* _ASSIGNMENT_: Starting from the line with "C4D关键帧等距排列脚本 Cinema 4D" and going up to and including the line with "Torcida confusao Vasco", copy the listing below exactly. Leave all images out.

* _DATA EXTRACTS_:
● ● ● ● ●

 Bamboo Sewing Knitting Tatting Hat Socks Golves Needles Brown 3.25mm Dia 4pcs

● ● ● ● ●

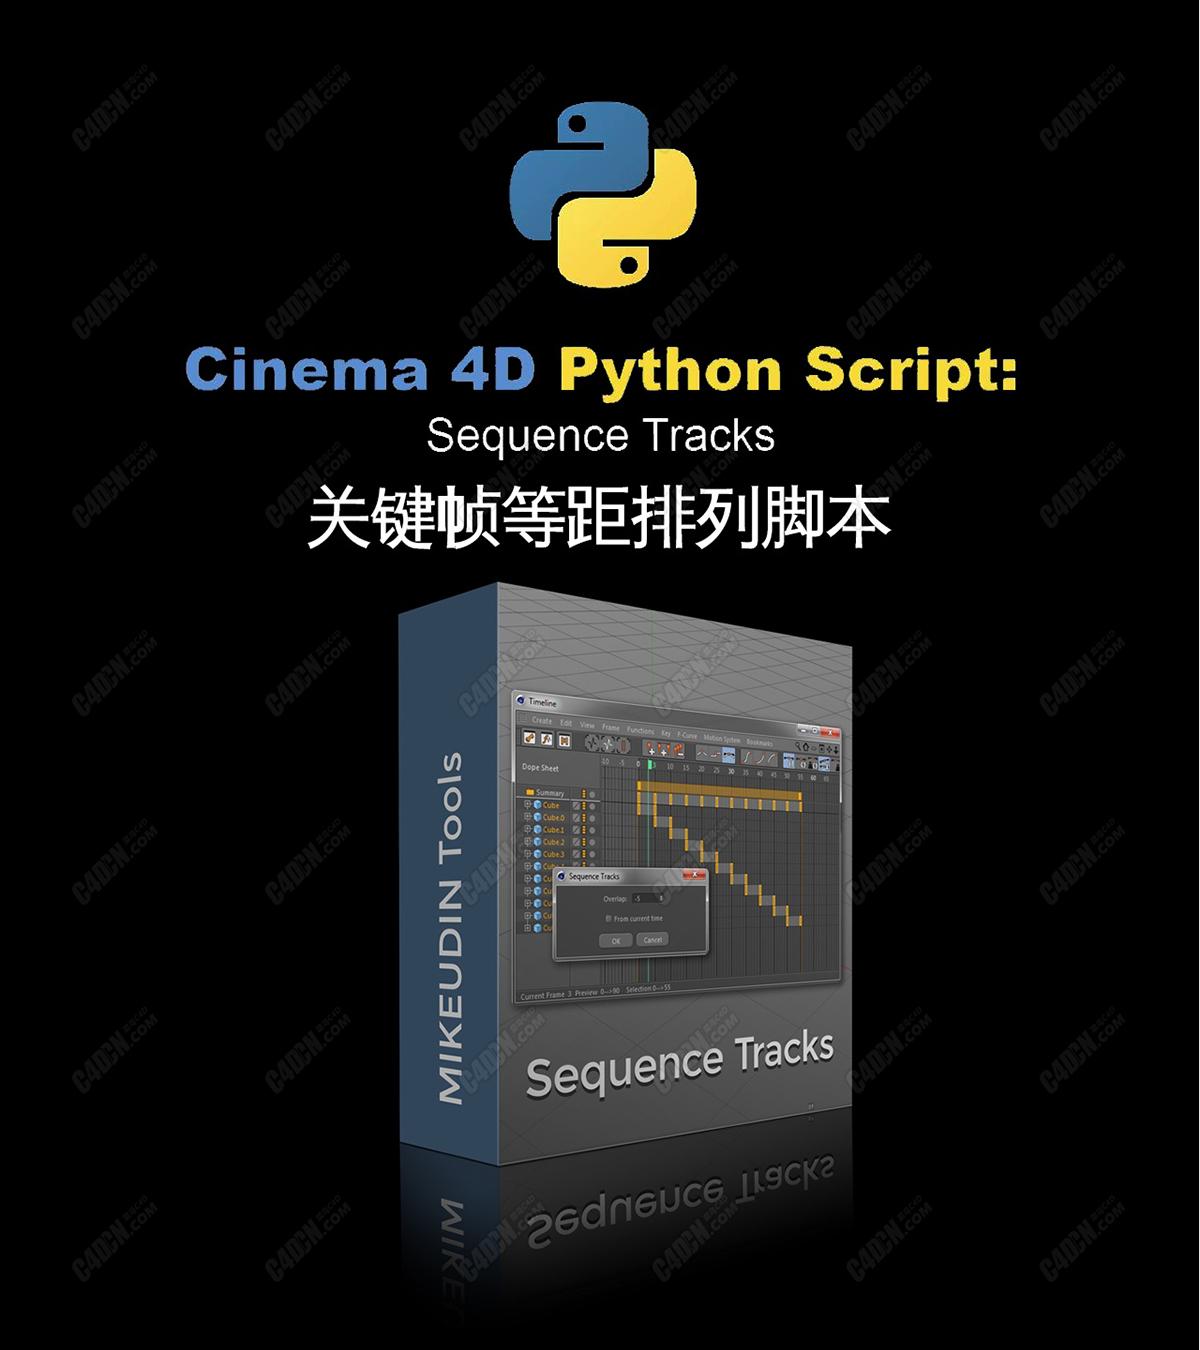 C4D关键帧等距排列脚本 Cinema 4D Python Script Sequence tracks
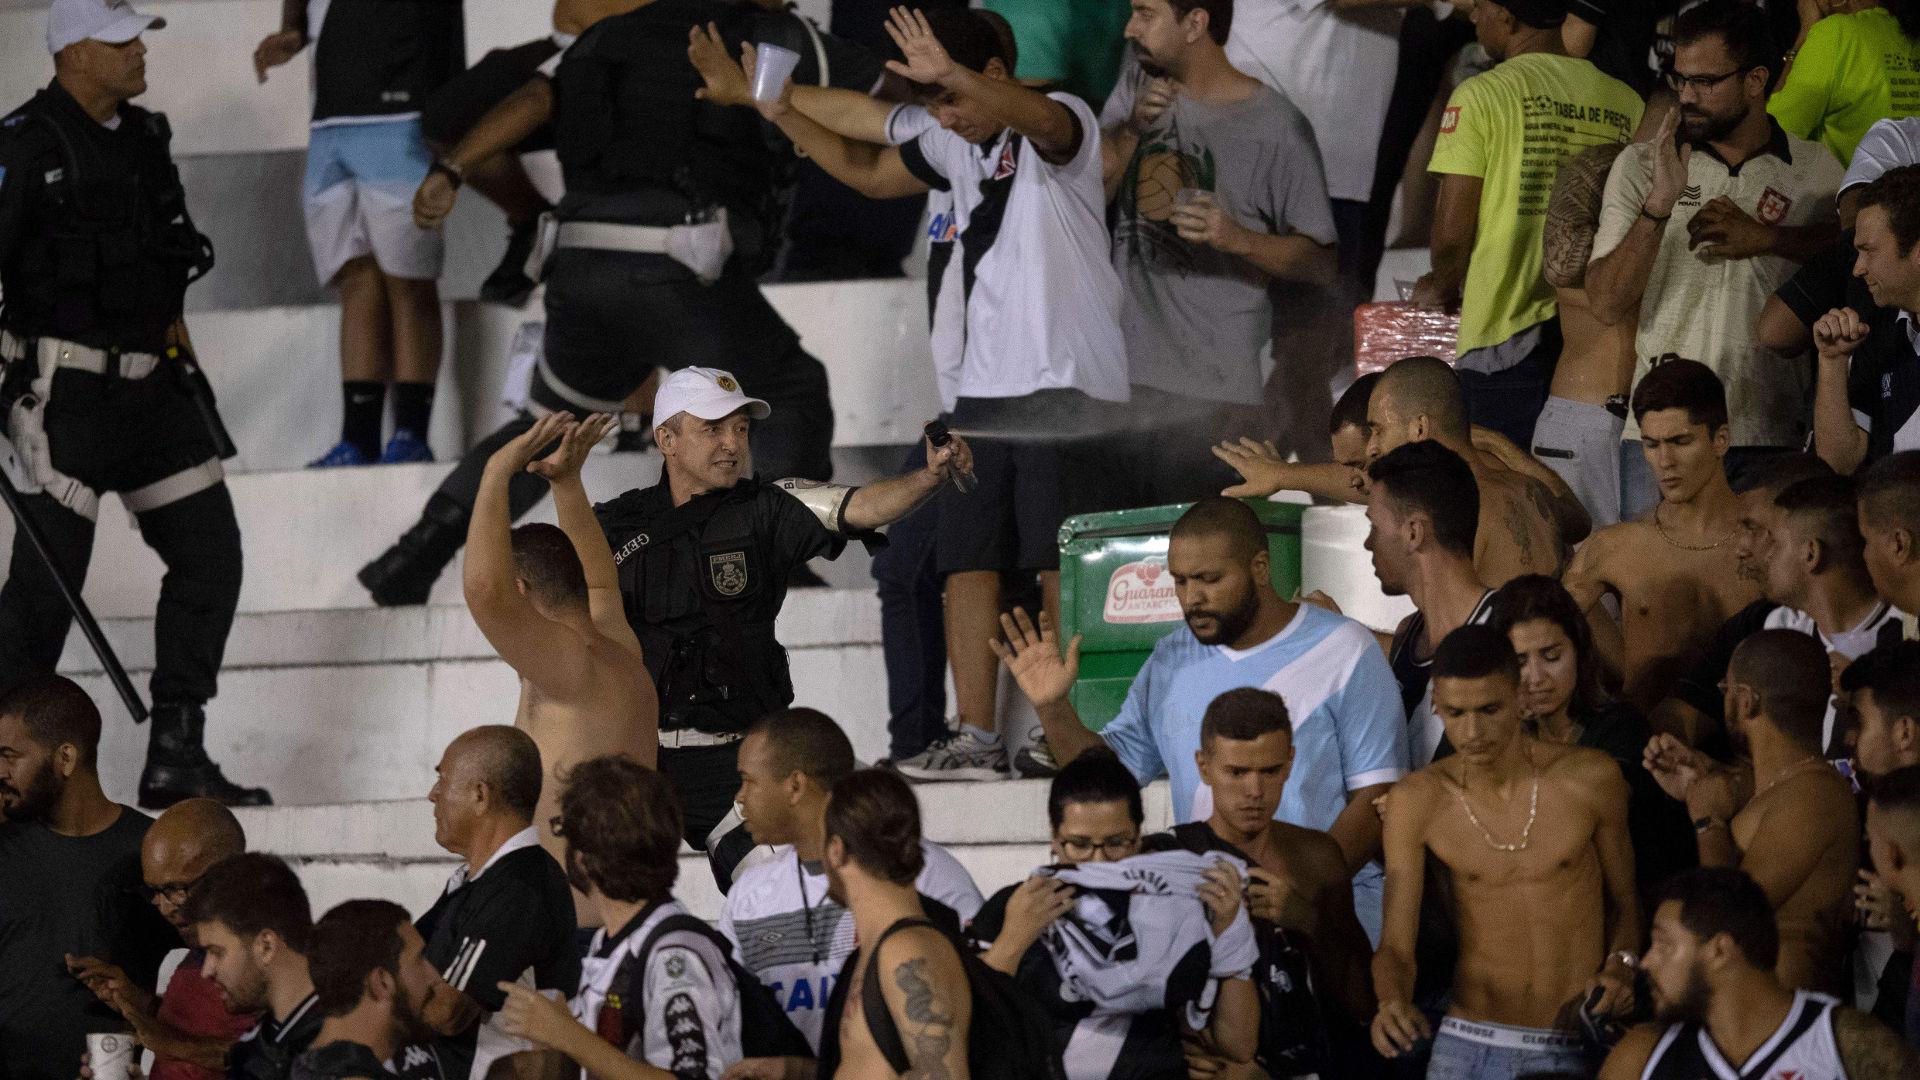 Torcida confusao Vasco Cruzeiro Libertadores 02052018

● ● ● ● ●

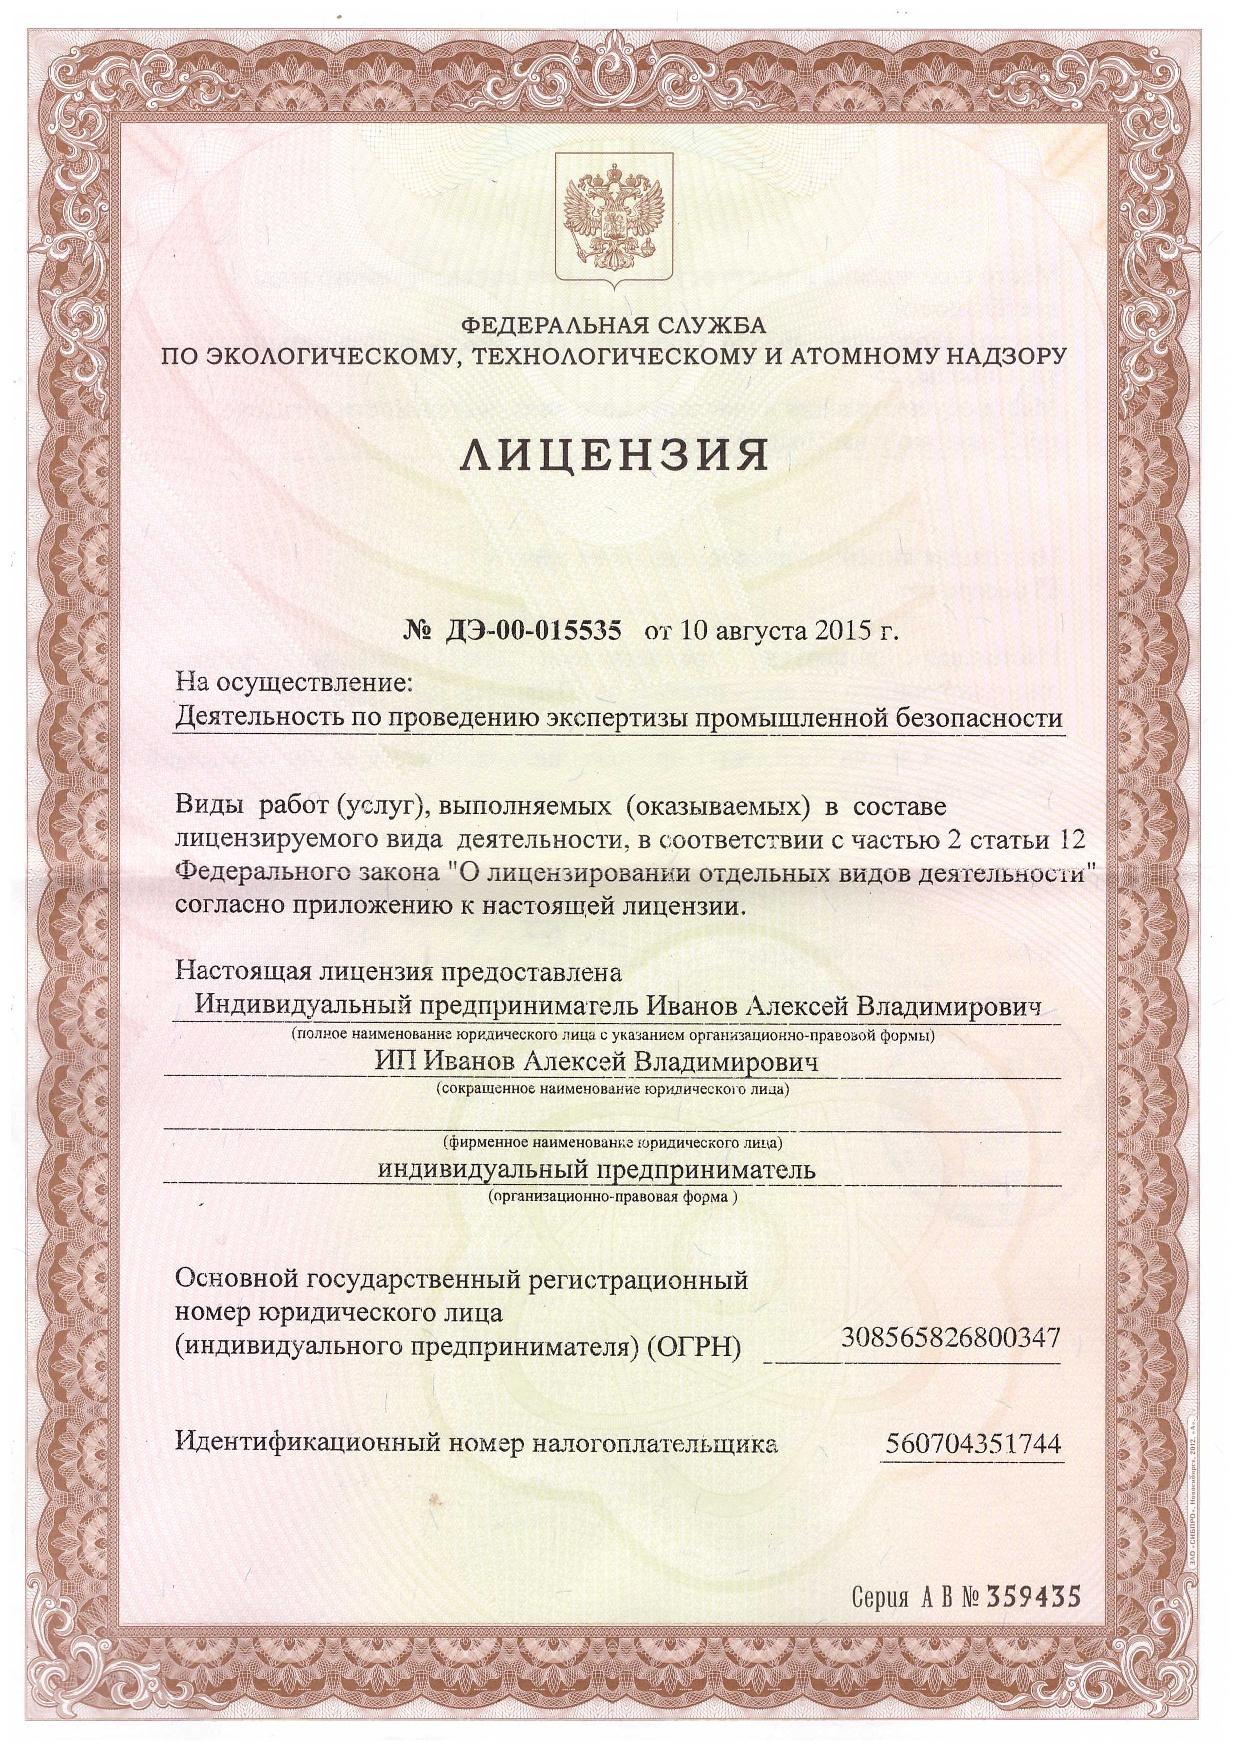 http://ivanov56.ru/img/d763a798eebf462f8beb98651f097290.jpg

● ● ● ● ●

* _SOLVED PROBLEM_:
 C4D关键帧等距排列脚本 Cinema 4D Python Script Sequence tracks
 Torcida confusao Vasco Cruzeiro Libertadores 02052018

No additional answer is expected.